There's no need for the bash pipe. You can do it all with awk:

awk '{sum+= $1; printf "The sum is now: %s\n", sum } END { print "FINAL SUM:", sum }' file.txt

Results:

The sum is now: 100
The sum is now: 300
The sum is now: 600
FINAL SUM: 600

1 Comment

+1. Pipes are a powerful tool, not to be used by those who don't understand them. Awk, however, should be used by everybody. :)
2

The cause is the use of cat, which spawns another subshell. This means that the sum variable is incremented in the second subshell, and then goes out of scope (and returns to it's previous value of 0) when the loop is finished.
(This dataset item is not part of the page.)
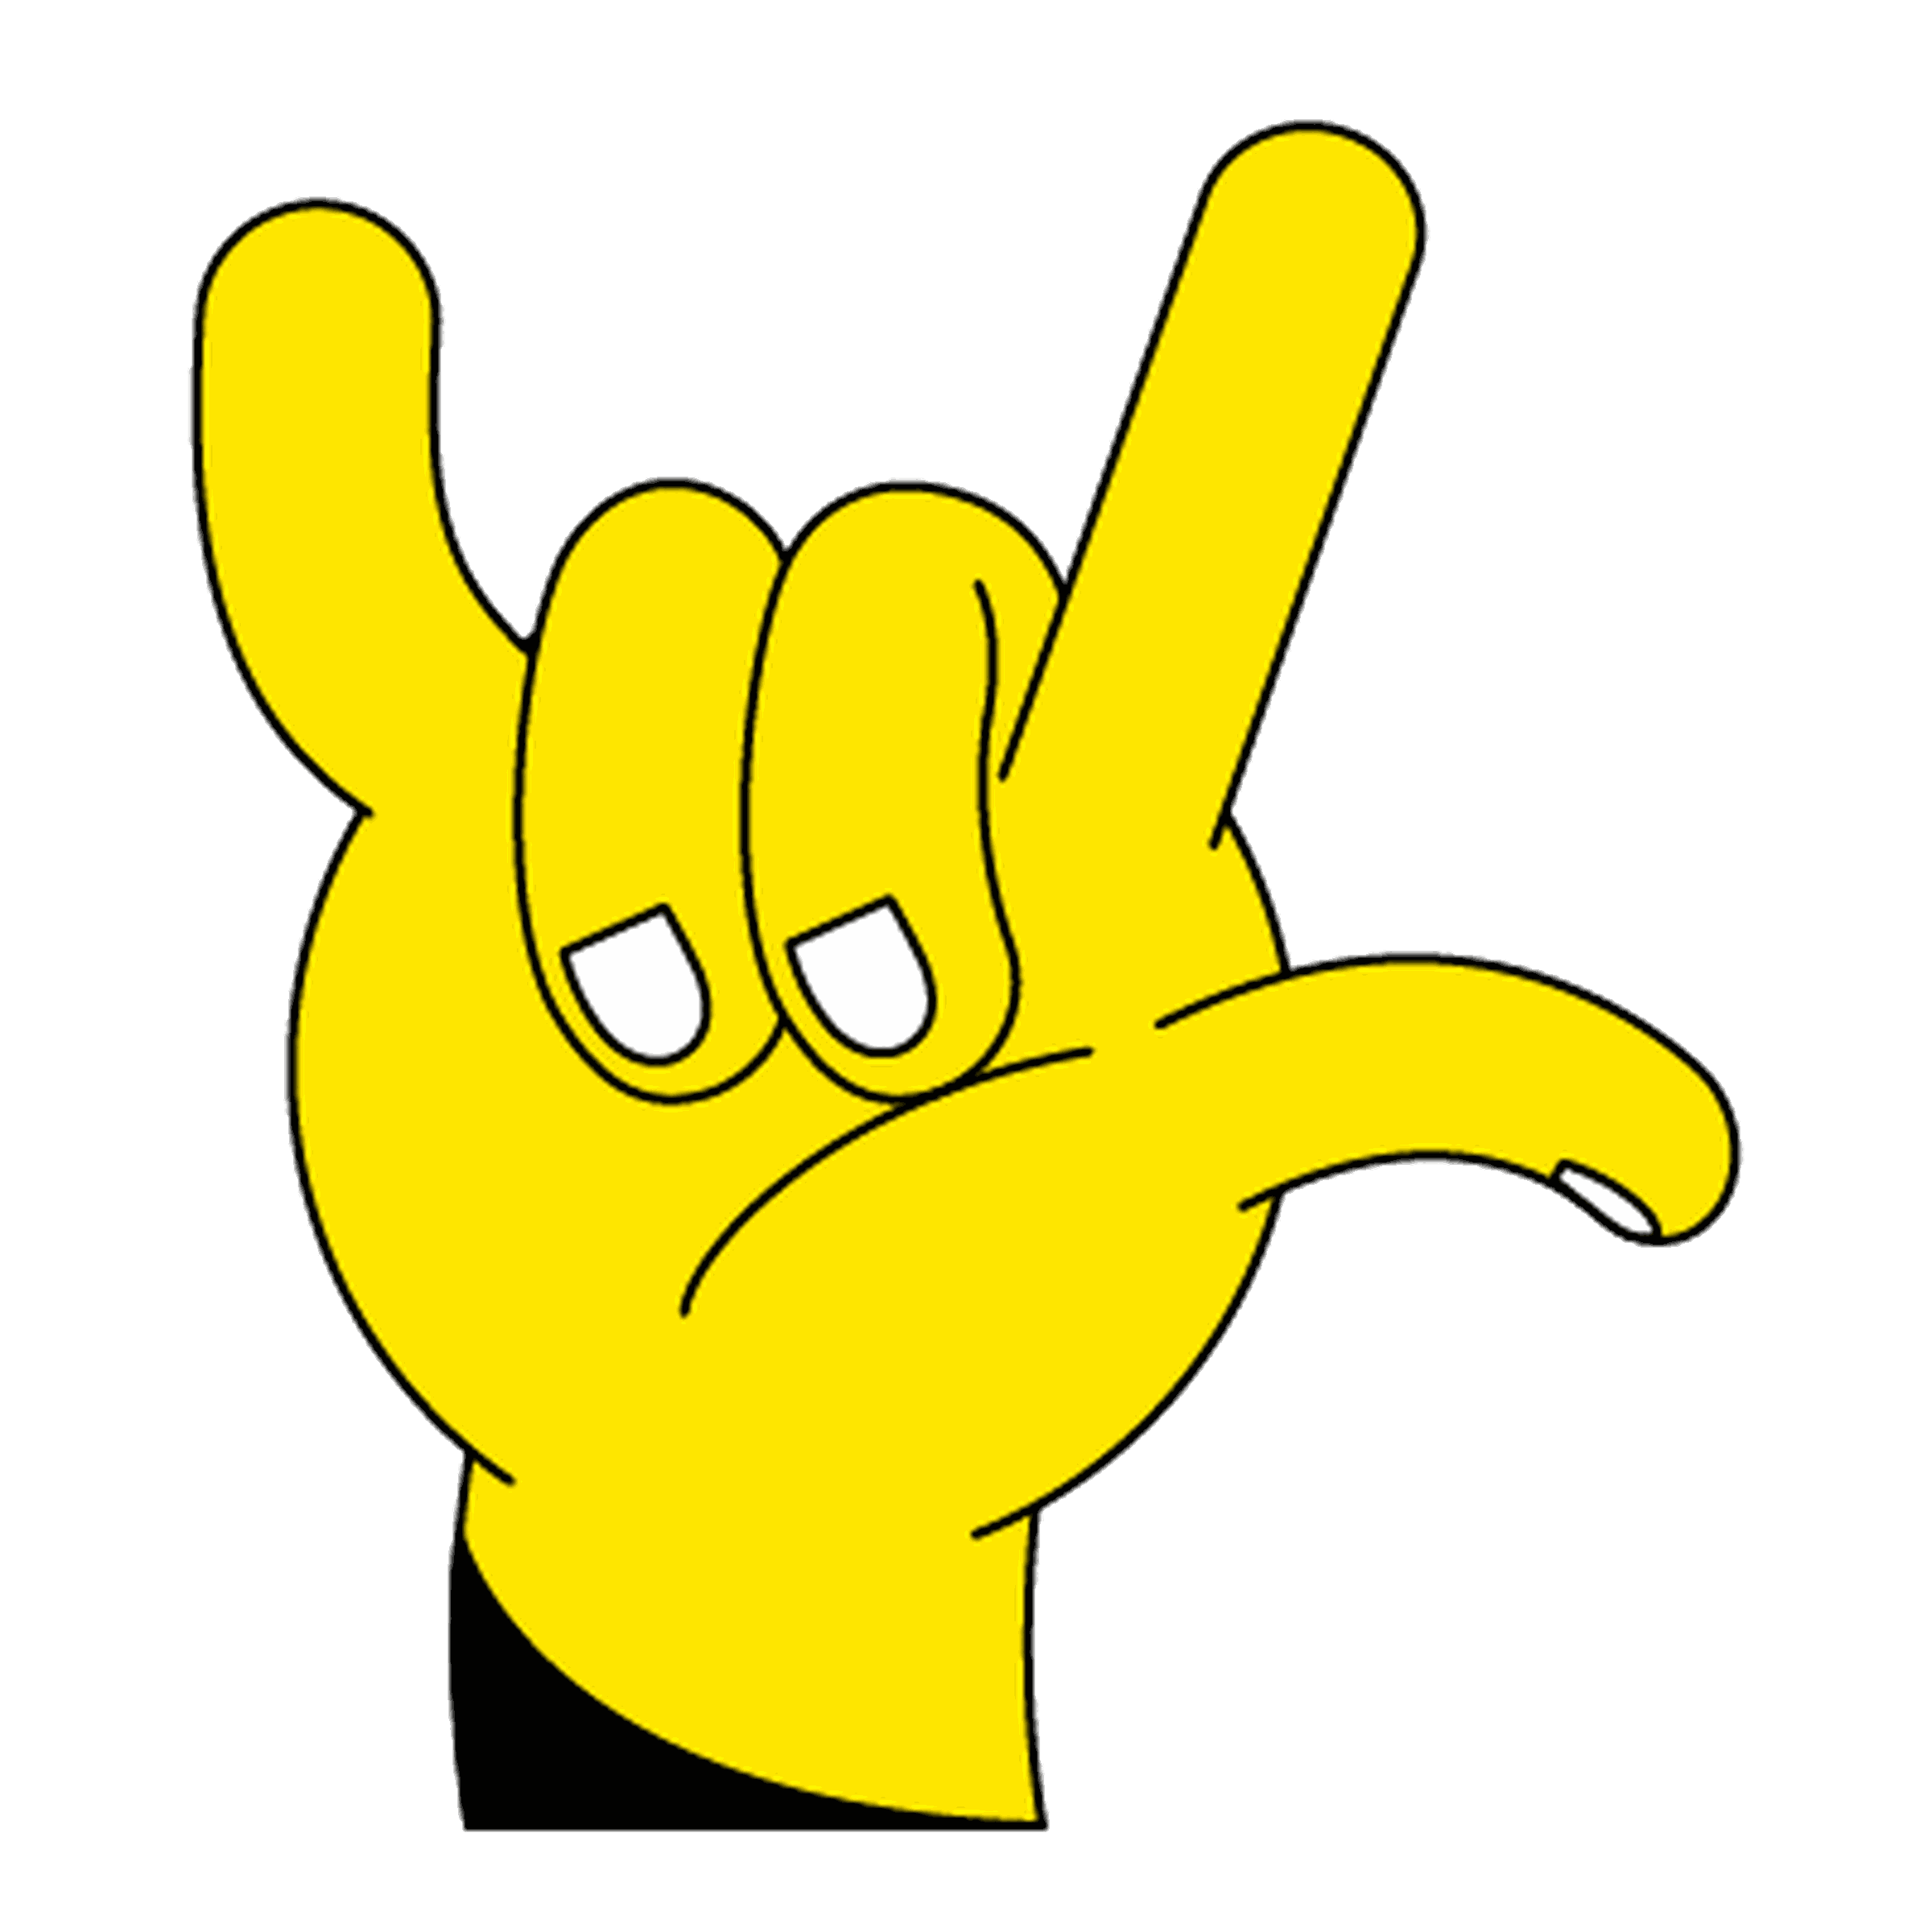 A Snap sticker with the ASL sign for “I love you.”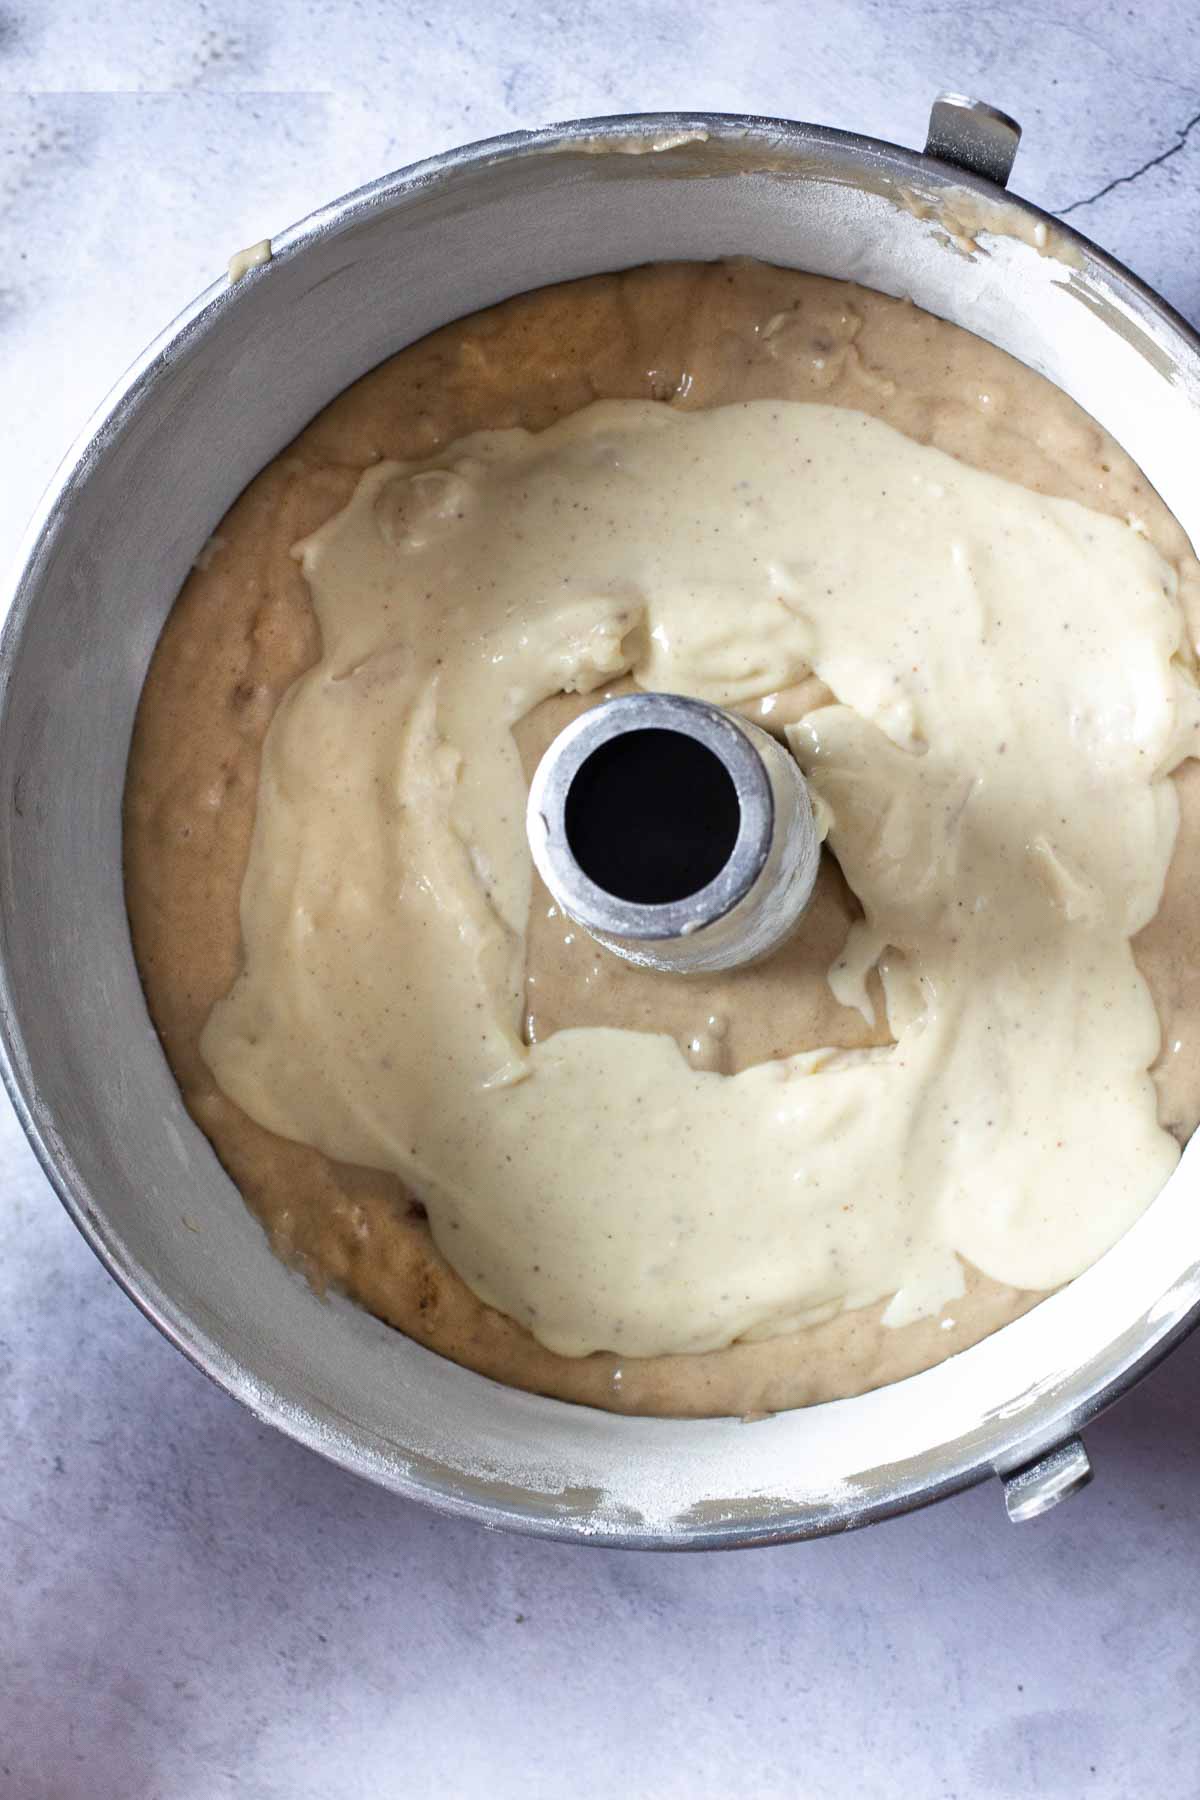 Placing a layer of cream cheese filling in banana coffee cake batter.

Try updating your loop to not use cat:

sum='0'
while read val ; do
        sum=`expr $sum + $val`
        echo "sum is now: $sum"
done < test.txt

echo "FINAL SUM: $sum"

If you don't actually need the loop (i.e. - if you're not handling any other column/content-processing), you could use awk directly and store it's value into the sum variable:

sum=`awk '{ sum += $1; } END { print sum }' test.txt`;

3 Comments

The OP wished to pre-process the input with awk, to do this you can replace the closing line of the while loop with done < <(awk '{ print $1 }' test.txt)
@imp25 The contents of the sample file only contain a single column - so awk '{print $1}' is redundant; however, my updated answer allows the full use of that without the need for a loop (considering the OP doesn't need any additional processing inside the loop).
as i told in my case it is not really a cat command. i just used the cat to illustrate my problem
0

This strange behaviour is actually caused by the bash pipes

To quote the Bash reference manual

Each command in a pipeline is executed in its own subshell

Think of sum as a local variable in your while loop, that's why sum appears not to be set when you go out of the while-loop.

The solutions proposed by the others will work fine.